Yeni Üyelik
17.
Bölüm

16.Bölüm: Siradan Hayat

@peteichor_

"Hazır mısınız öğretmen hanım?"

"Neye?"

"Yeni ve sıradan hayatımıza..."

"Hazırım. Uyuz..."


16. BÖLÜM: SIRADAN HAYAT


Sabah gözlerimi, Barlas'ın saçlarımı okşayan elleriyle açmıştım.


"Günaydın öğretmen hanım."


"Günaydın uyuz..."


Gülümseyerek gözlerimi açtığımda; Barlas alnımı öpüp ayağa kalkmıştı.


"Hadi bakalım seni eve bırakıp, şirkete geçmem lazım. çok çalışmam gerek!"


Kafamı sallayıp kalktığımda, Barlas'ın çoktan hazırlandığını fark etmem çok uzun sürmedi. Her zaman olduğu gibi simsiyah giyinmişti.


"Erkencisin."


Barlas kafa salladı.


"Evet! Tatilimiz bitti Adel hanım. Öğrencilerin seni, müşterilerim de beni bekler!"
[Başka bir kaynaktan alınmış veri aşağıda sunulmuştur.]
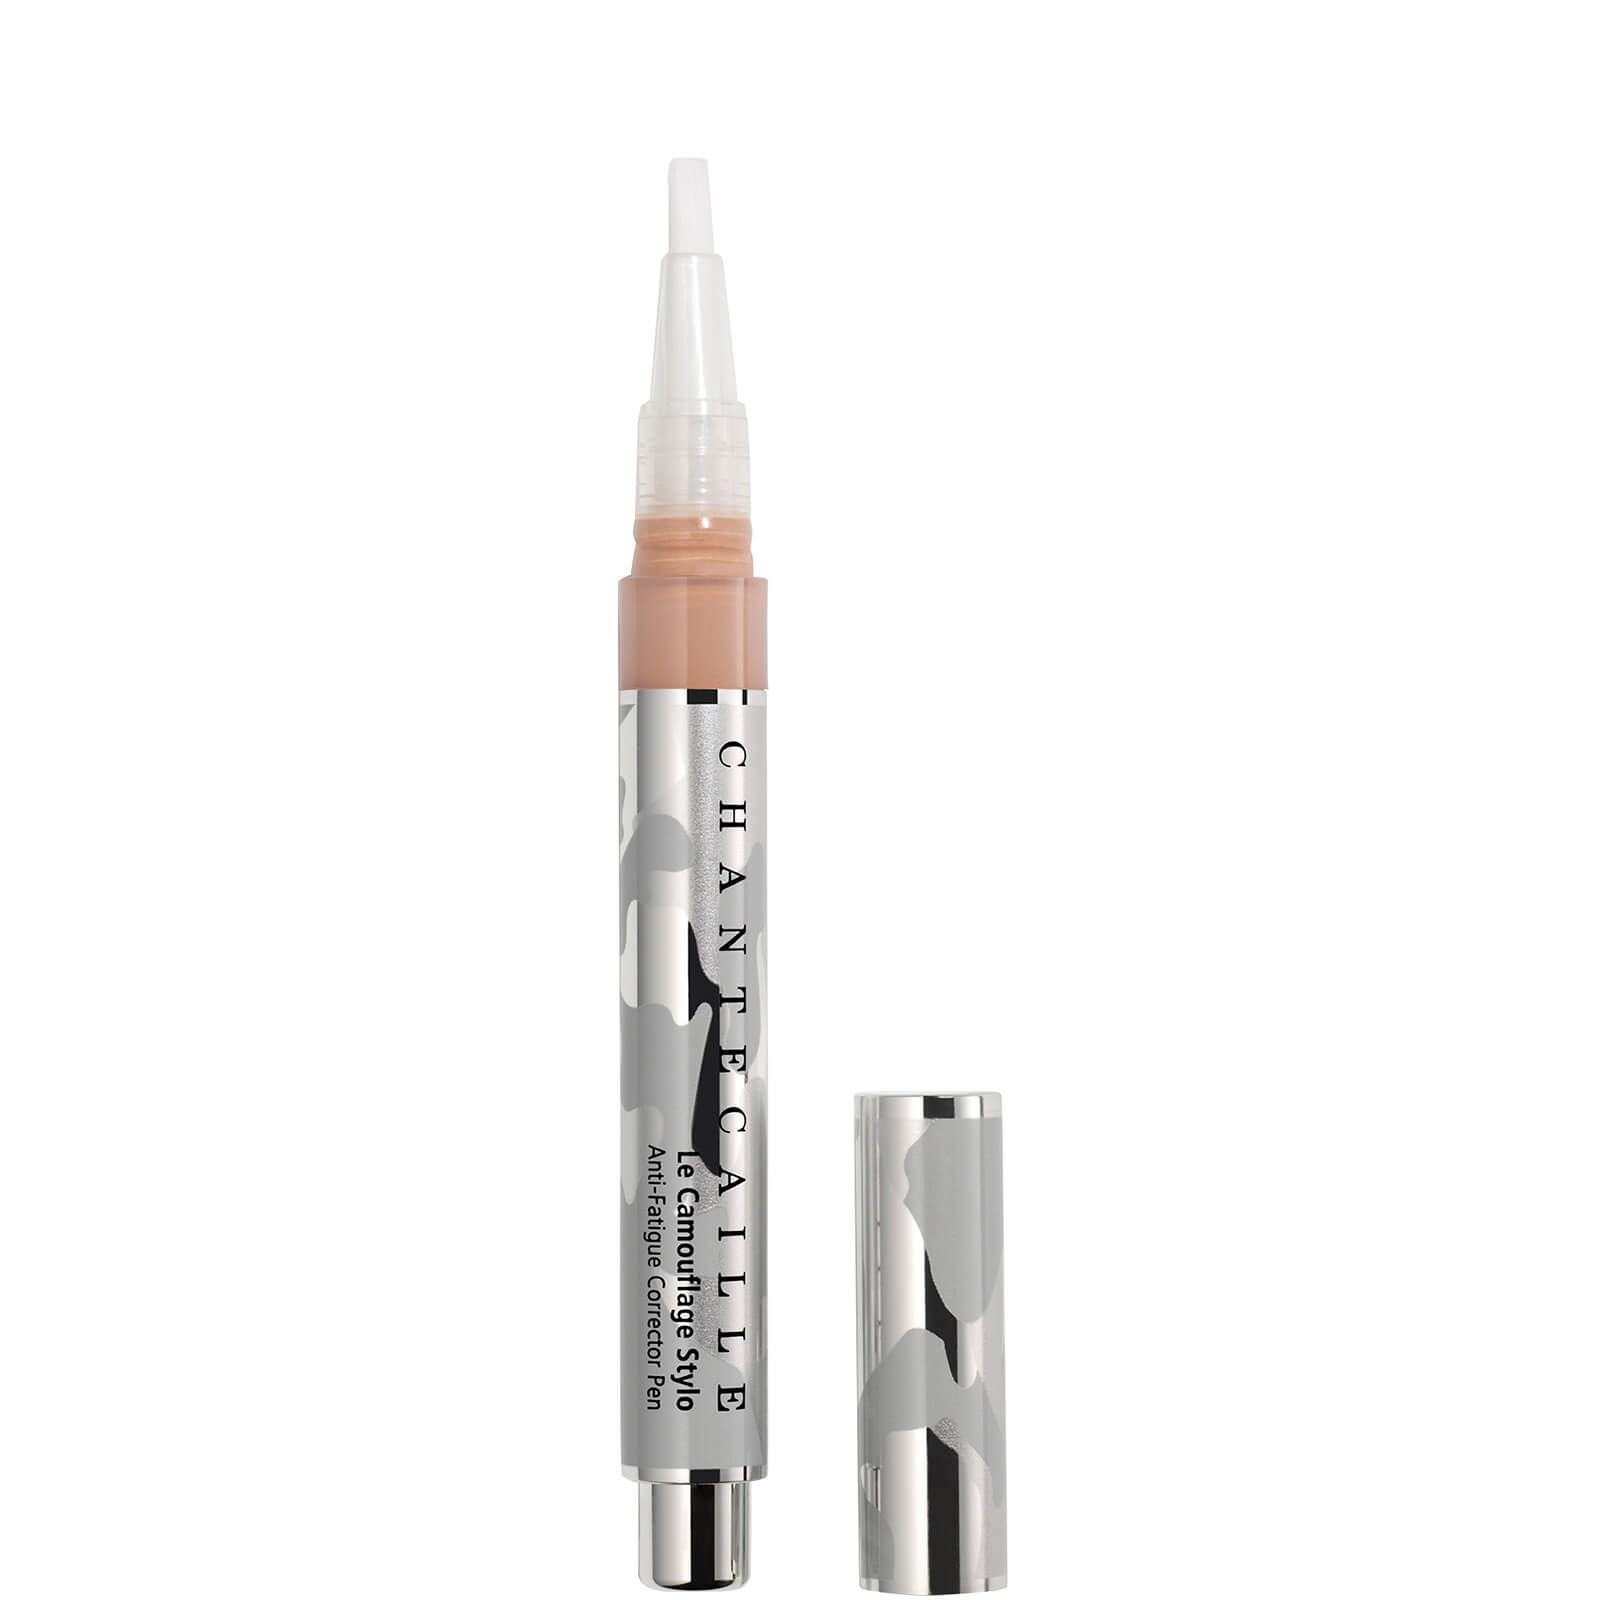 Chantecaille Le Camouflage Stylo Concealer - #5

Gülümseyerek kafa salladım.


"Bende onları çok özledim..."


Yüzümdeki buruk gülümseme, Barlas'ın alaylı gülüşüyle son bulmuştu.


"Öğrencileri velilerine vermeyi unutma. Sıkıntı çıkmasın sonra öğretmen hanım!"


Elimdeki yastığı Barlas'a fırlattım.


"Uyuz!"


Barlas gülerek yastığı bana geri fırlatıp odadan çıktığında, kendime gelip üstüme çekidüzen verdim. Burada kıyafetim olmadığı için eve böyle gidebilirdim. Saçlarımı tarayıp yüzümü yıkadıktan sonra aşağı indiğimde, Barlas elinde bir paketle beni bekliyordu.


"Bu ne?"


Barlas elindeki paketi bana uzattı.


"Bu senin için."


Elindeki paketi aldığımda telefon olduğunu fark etmem çok uzun sürmemişti. Paketi geri Barlas'a uzattım.


"Teşekkür ederim ama gerek yok."


Barlas beni kendine çekip gözlerime baktı.


"Gerek var güzelim. Ben aradığımda sana ulaşmak istiyorum ve bu telefondan ulaşmak istiyorum."


"Barlas gerçekten ben-"


"Lütfen Adel. Sadece bir telefon."


Kafamı yana çevirdiğimde Barlas tekrar gözlerine bakmamı sağladı.


"Sirius inat etme de al hadi."


Oflayarak telefonu elime aldığımda kafamı eğerek gülümsedim.


"Teşekkür ederim..."


"Bende rica ederim o zaman."


Gülümseyerek alnımdan öptüğünde Barlas elimden tutup beni mutfağa çekiştirmeye başladı.


"Önce Kahvaltı!"


Gülümseyerek Barlas'ın hazırladığı tabaklara baktığımda masaya oturmuştuk.


"Eee beğendiğiniz mi öğretmen hanım!"


"Çok..."


Barlas gülümsediğinde benimde yüzümde gülümseme oluşmuştu. Sessizce yemeğimizi yedikten sonra hızla arabaya bindik.


"Ne yapacaksın bugün?"


Barlas'ın sorusuyla gözlerim Barlas'la buluştu.


"Okula gideceğim. Sonrasını bilmiyorum haber veririm!"


Barlas kafasını salladığında bende ona sorma gereği hissetmiştim.


"Sen ne yapacaksın?"


"Benimde yapmam gereken çizimler var tüm gün şirkette olacağım."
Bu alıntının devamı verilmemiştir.